As I initially expected, this is not a bug. Having class/module keywords consider ancestors of Object is by design, with explicit code for just this purpose, and there is both a test and spec for the current behavior. Switching to feature request.

That being said, I do think it would be best to change the behavior, so I submitted a pull request to do so: https://github.com/ruby/ruby/pull/6048 . I'll add this as a topic for the next developer meeting.

Updated by fxn (Xavier Noria) over 1 year ago

Awesome, thanks Jeremy.

Updated by mame (Yusuke Endoh) over 1 year ago

We discussed this ticket at the dev meeting.

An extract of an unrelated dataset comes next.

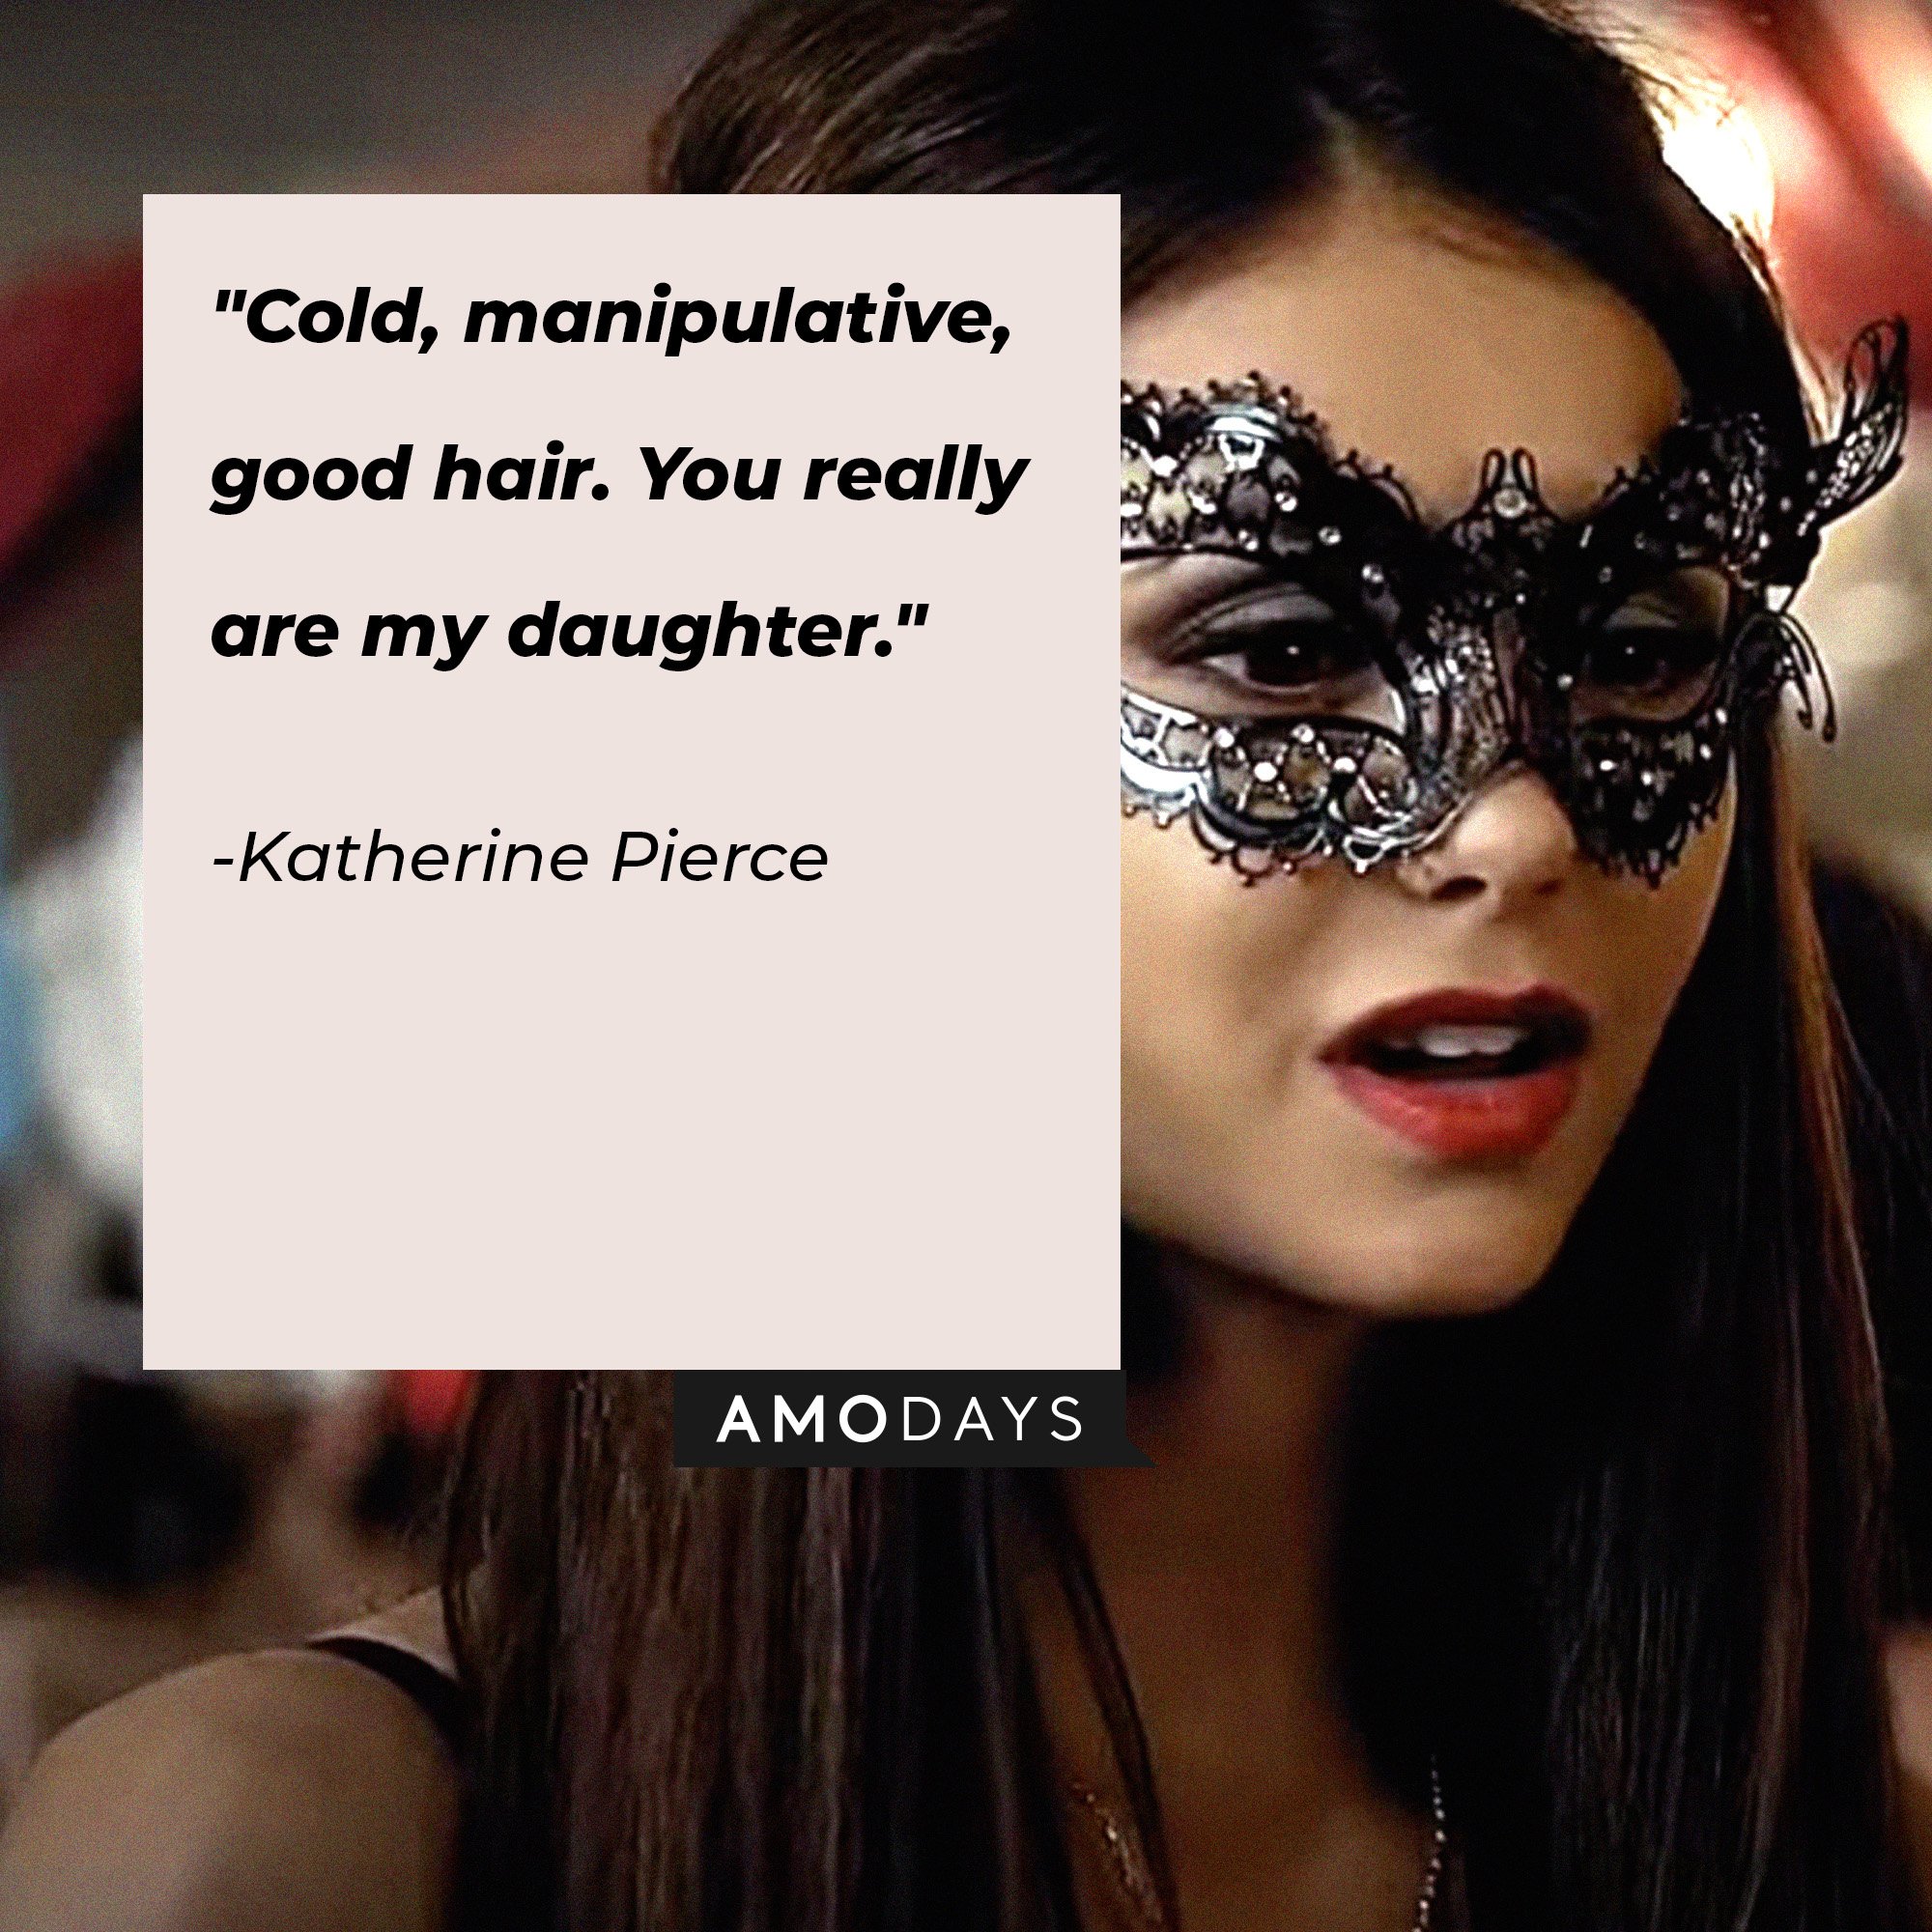 Katherine Pierce's quote: "Cold, manipulative, good hair. You really are my daughter." | Image: AmoDays

@matz (Yukihiro Matsumoto) said he wanted to try the change, i.e., include M; class C; end at the toplevel should define ::C instead of reopening M::C. He may revisit the change if a compatibility issue is found.

Actions #16

Updated by jeremyevans (Jeremy Evans) over 1 year ago

  • Status changed from Open to Closed

Applied in changeset git|12ac8971a394118a57640299f654e46e763093fa.


Do not have class/module keywords look up ancestors of Object

Fixes case where Object includes a module that defines a constant,
then using class/module keyword to define the same constant on
Object itself.

Implements [Feature #18832]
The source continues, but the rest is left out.